Sullivan stressed that one of the biggest factors contributing to overdose deaths is people using opioids alone. He rejected arguments that the sites lead to more crime or drug use.

“I think law enforcement understands that doesn’t happen,” he said. “Study after study has shown it doesn’t increase crime … It’s just like a medical facility.”

But those are concerns that some lawmakers say they’ve heard. State Sen. John Velis, D-Westfield, who is a vice chair of the Joint Committee on Mental Health, Substance Use and Recovery and himself in recovery from alcohol addiction, described safe consumption sites as “one of the most polarizing topics out there.”

Velis spoke highly of the research behind the sites and the harm-reduction approach to public health, saying what he hears from people in that field is that such sites are an “astronomical” success when it comes to saving lives. But said he wants to go on a “fact-finding mission” to a site before coming to a definitive conclusion.

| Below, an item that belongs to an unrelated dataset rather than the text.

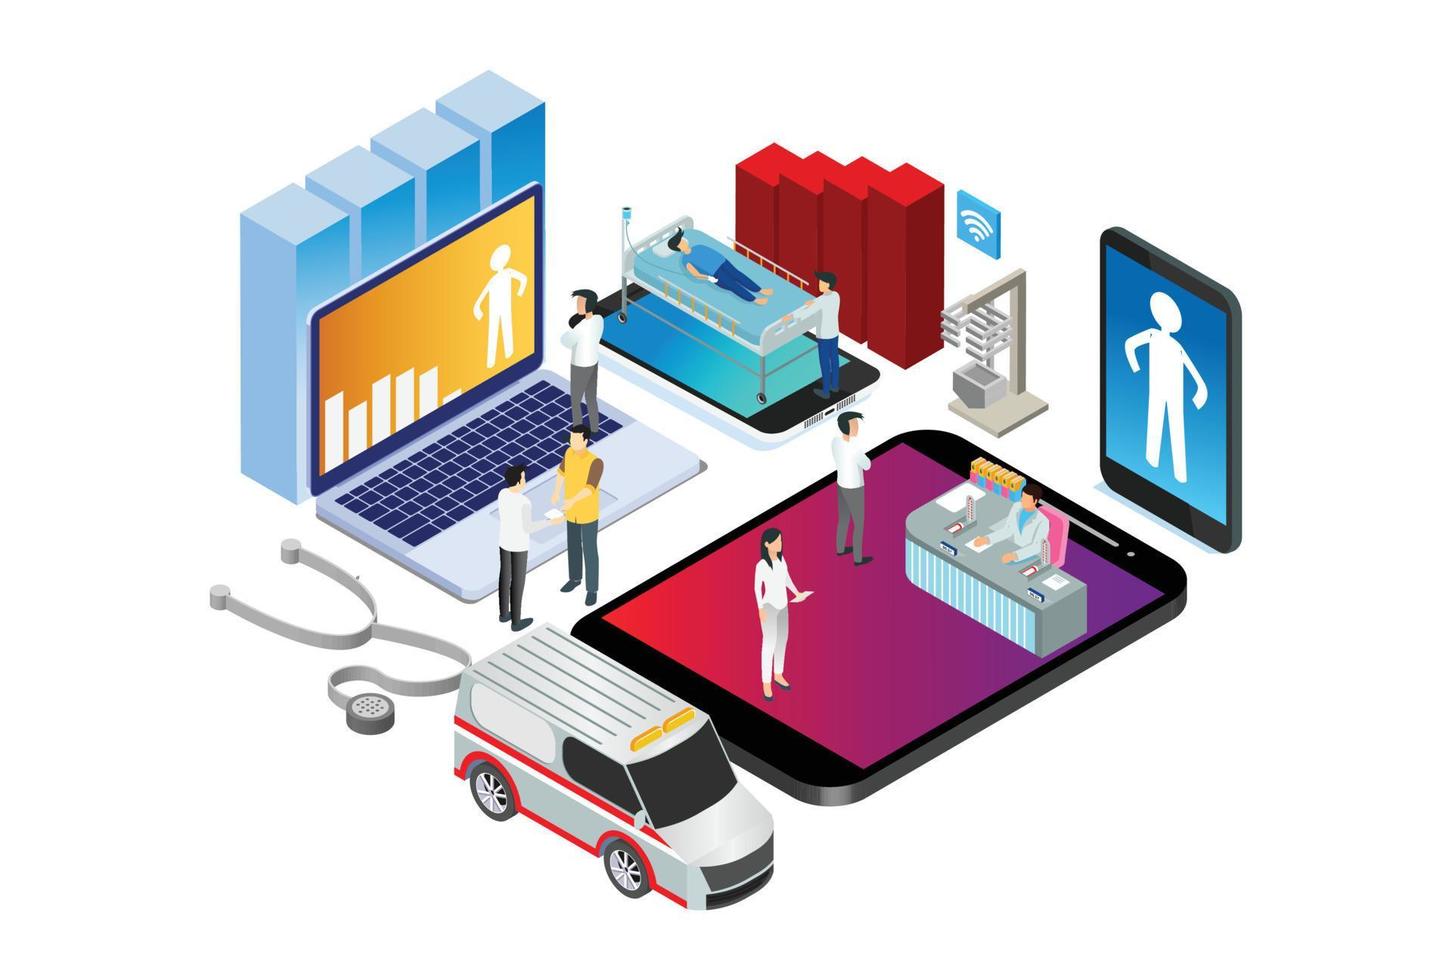 ilustración de tecnología de red de hospital de atención de salud inteligente isométrica moderna en fondo blanco aislado con personas y activos digitales relacionados vector
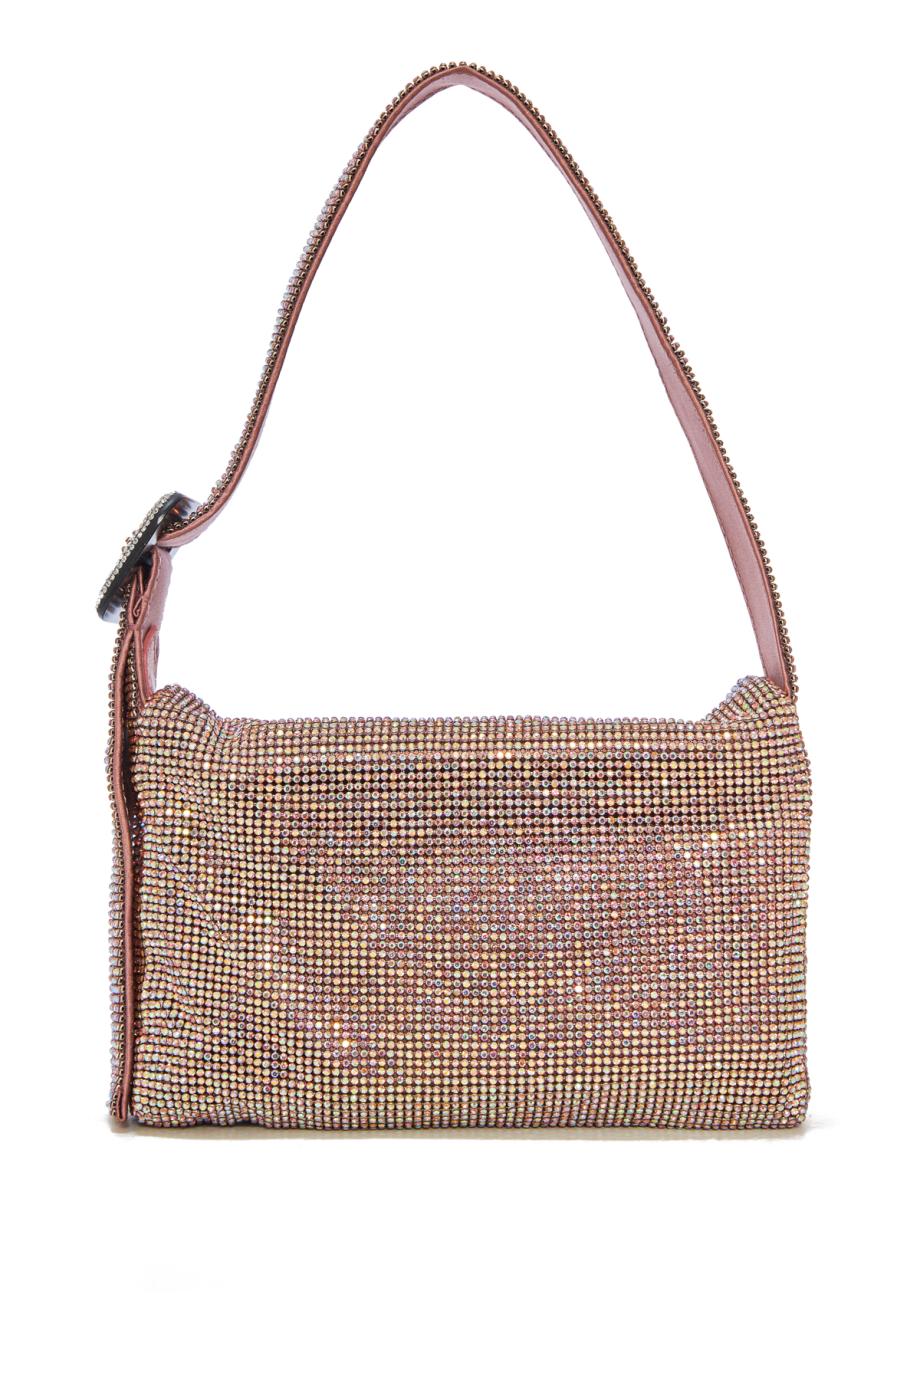 Vitty La Mignon embellished shoulder bag

“It’s not lost on me what a lot of other people say – that it’s rewarding bad behavior, why are we doing this, it’s a nuisance to neighborhoods,” Velis said. “I’m going to ask the neighbors in these areas, ‘Tell me what impact this has had on your neighborhood.”

Earlier this year at an event at Tapestry Health, state Rep. Pat Duffy, D-Holyoke, told the Gazette that she supports the legislation now in committee on Beacon Hill as part of the harm-reduction strategy of “meeting people where they are.” In a statement, state Sen. Eric Lesser, D-Longmeadow, said he has also supported legislative efforts for safe consumption site pilot programs, saying it’s “important for us to employ tools that will reduce overdoses and guide individuals towards treatment in a way that is safe and effective.”

“It just makes sense in the way needle exchanges make sense, in the way fentanyl test strips make sense,” said state Sen. Jo Comerford, D-Northampton. “We have to meet people where they are, we have to give them the tools they need, we have to support them along their journey and we have to help them keep themselves safe.”

State Sen. Adam Hinds, D-Pittsfield, previously worked in community-based intervention programs related to substance-use disorder. He said he saw firsthand the importance of harm reduction and “finding any way to ensure people are exposed to the option of recovery and how you work through that.” Asked why the state hasn’t yet moved to support the creation of the sites, he said that addiction is still very stigmatized.

“There’s misunderstanding of what this means as a tool for folks who are experiencing addiction,” he said.